- Developer: Areo Cinematic Games
- Publisher: Big Fish Games
- Engine: Areograph
- Platform: Microsoft Windows
- Release: Episode 1 December 2008; Episode 2 March 2009; Episode 3 November 2009; Episode 0 July 6, 2010; Retail version October 1, 2010;
- Genres: Interactive movie, Point-and-click adventure
- Mode: Single-player

= Casebook (video game) =

Episodic point-and-click video game

Casebook is an episodic interactive movie point-and-click adventure game developed by New Zealand studio Areo Cinematic Games and published by Big Fish Games.

==Gameplay==
The game is played from the perspective of a crime scene investigator tasked with solving a series of murders. The player is accompanied by a detective partner named James Burton. Players search for clues using a point-and-click system to explore various locations. Players are then graded on how well they searched and how many "hints" they used to uncover the evidence. Environments are rendered primarily using Full motion video technology. Mini-games serve to break up the FMV segments.

==Plot==
The plot is broken up into four episodes. Episode 0 acts as a demo for the game, with the player being asked to assist Detective Burton in locating his uncle's ashes.
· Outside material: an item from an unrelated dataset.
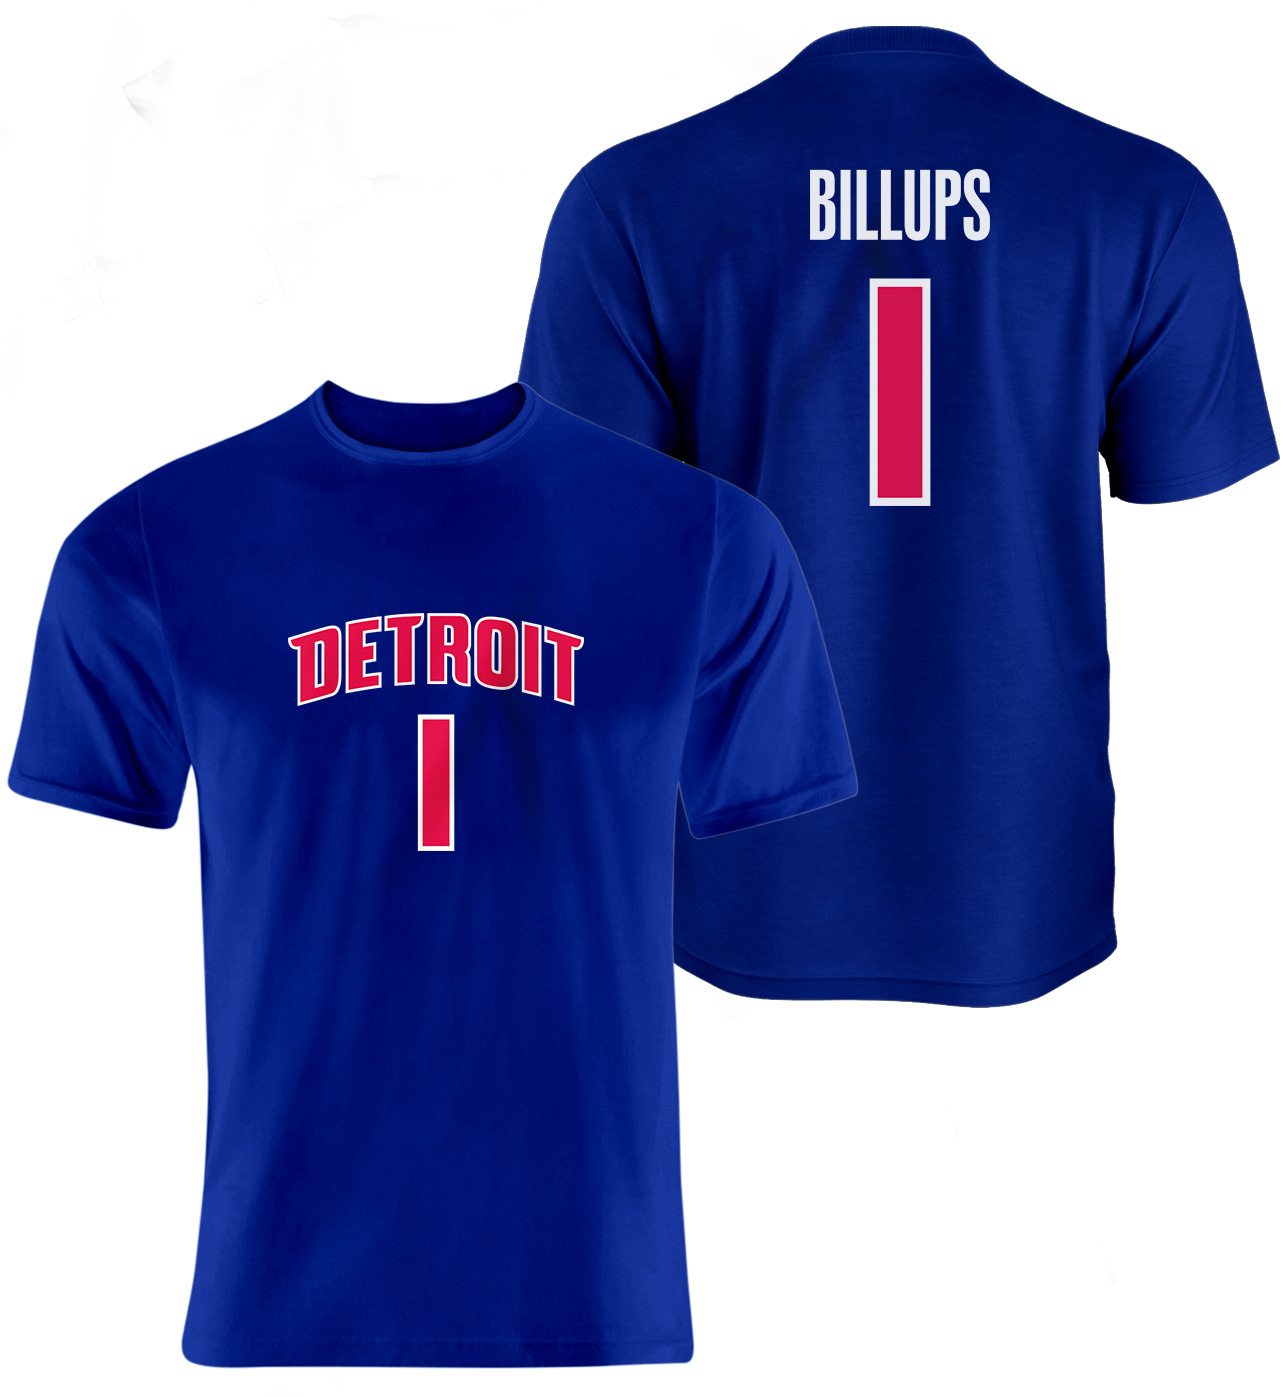 Detroit Pistons Chauncey Billups Vertical Tshirt (TSH-BLU-NP-75-PLYR-DET-BILLUPS.FRM)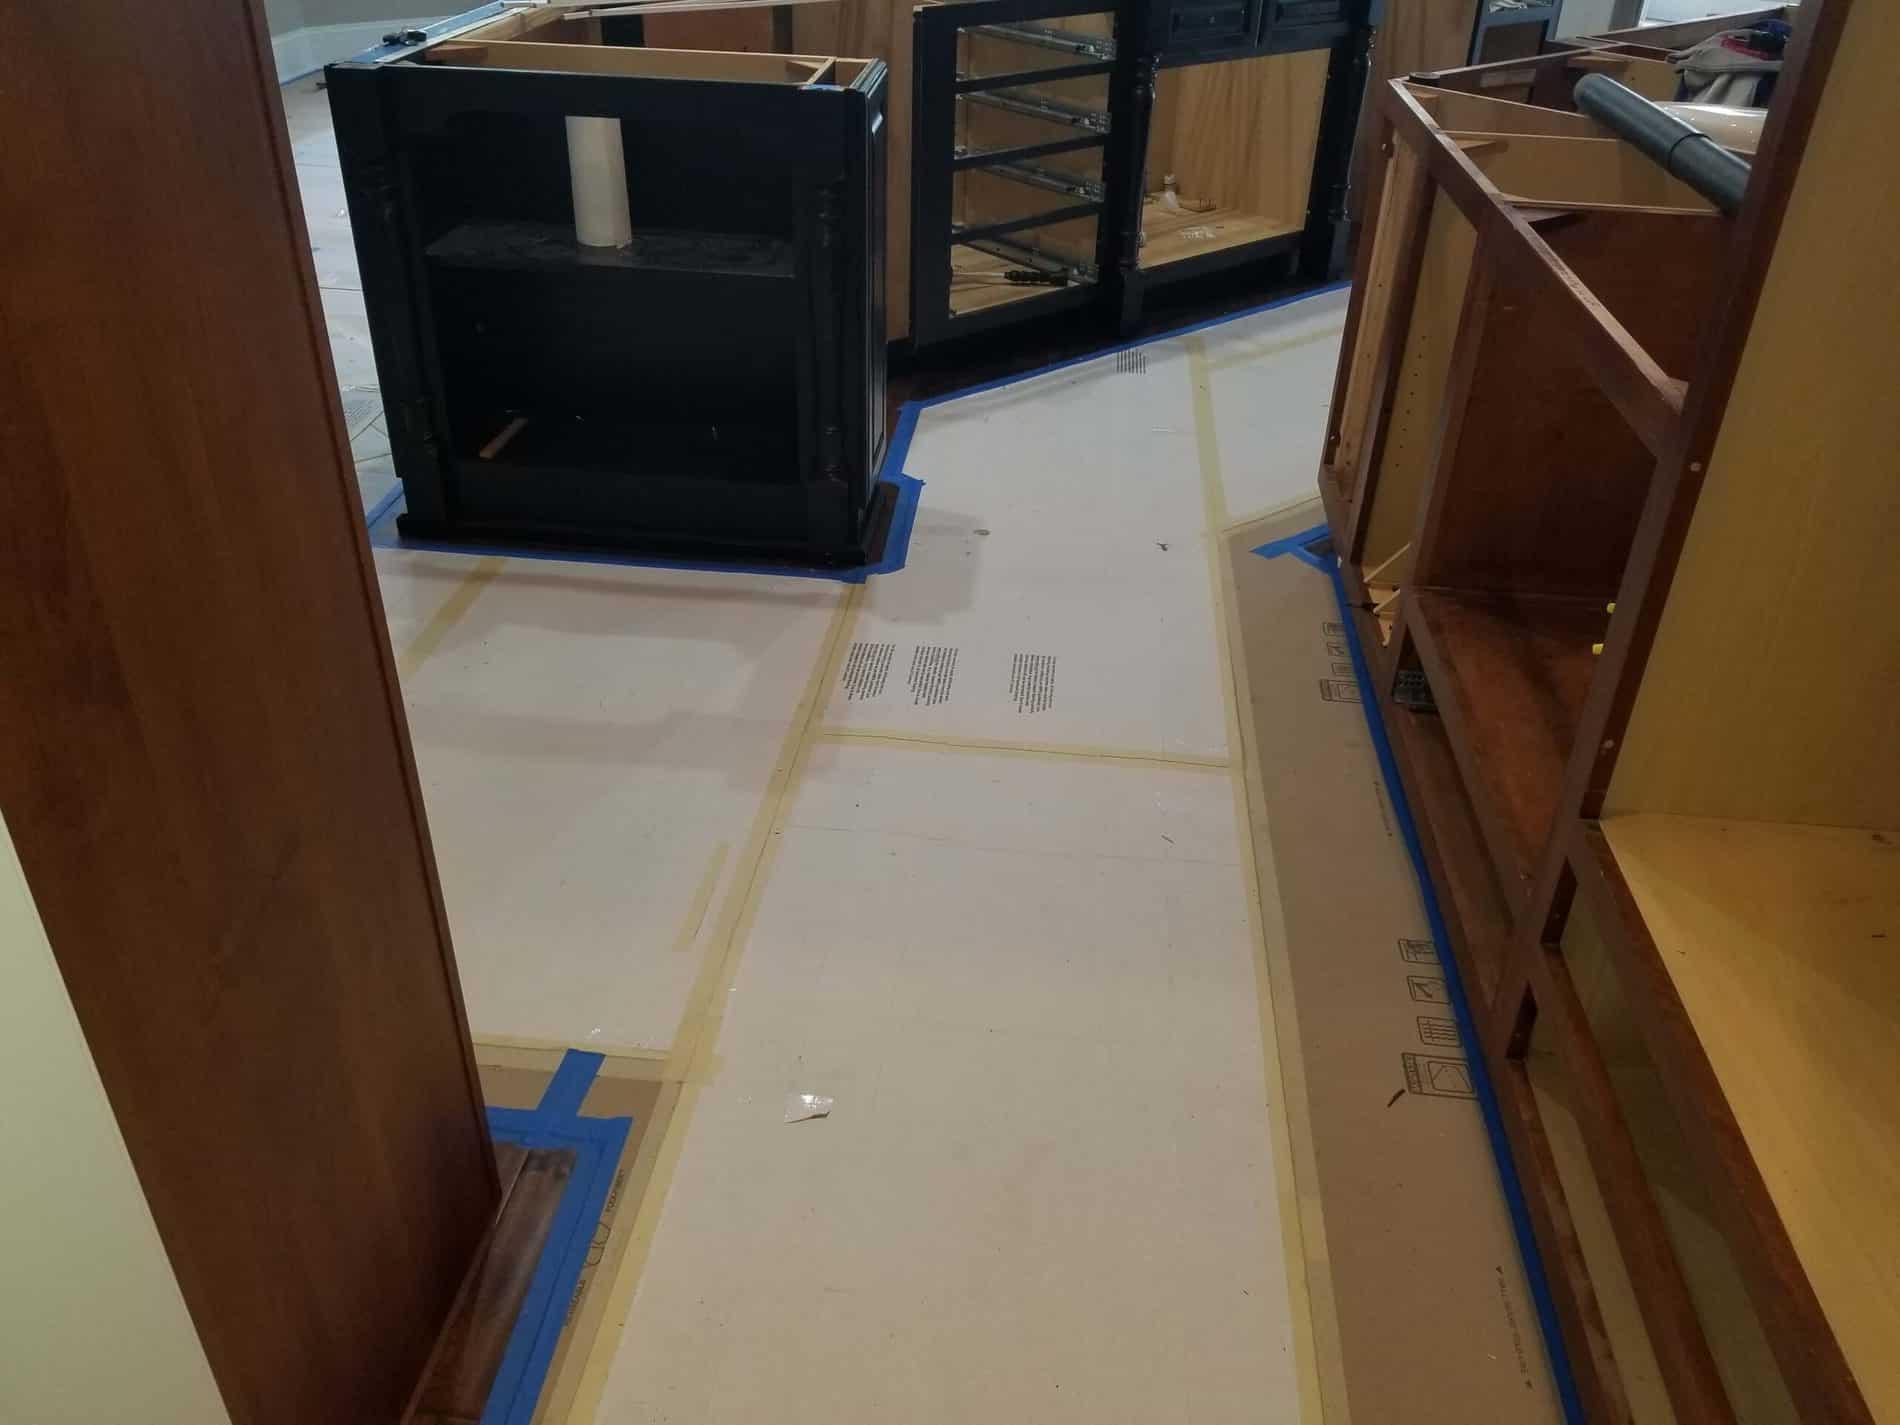 Kitchen Restoration from Water Damage in South Charleston

Episode 1 is entitled "Kidnapped" and tasks the player with investigating the kidnapping of the Bichermann kids. Episode 2 is entitled "The Watcher" and concerns a purported suicide attempt by a young man in an apartment building. Episode 3 is entitled "Snake in the Grass" and concerns an assortment of cases occurring within a garden.

==Reception==
Each episode of casebook received moderately positive reviews, with reviewers praising the game's revival of FMV technology while criticizing the game's mini-games as tedious and not interesting.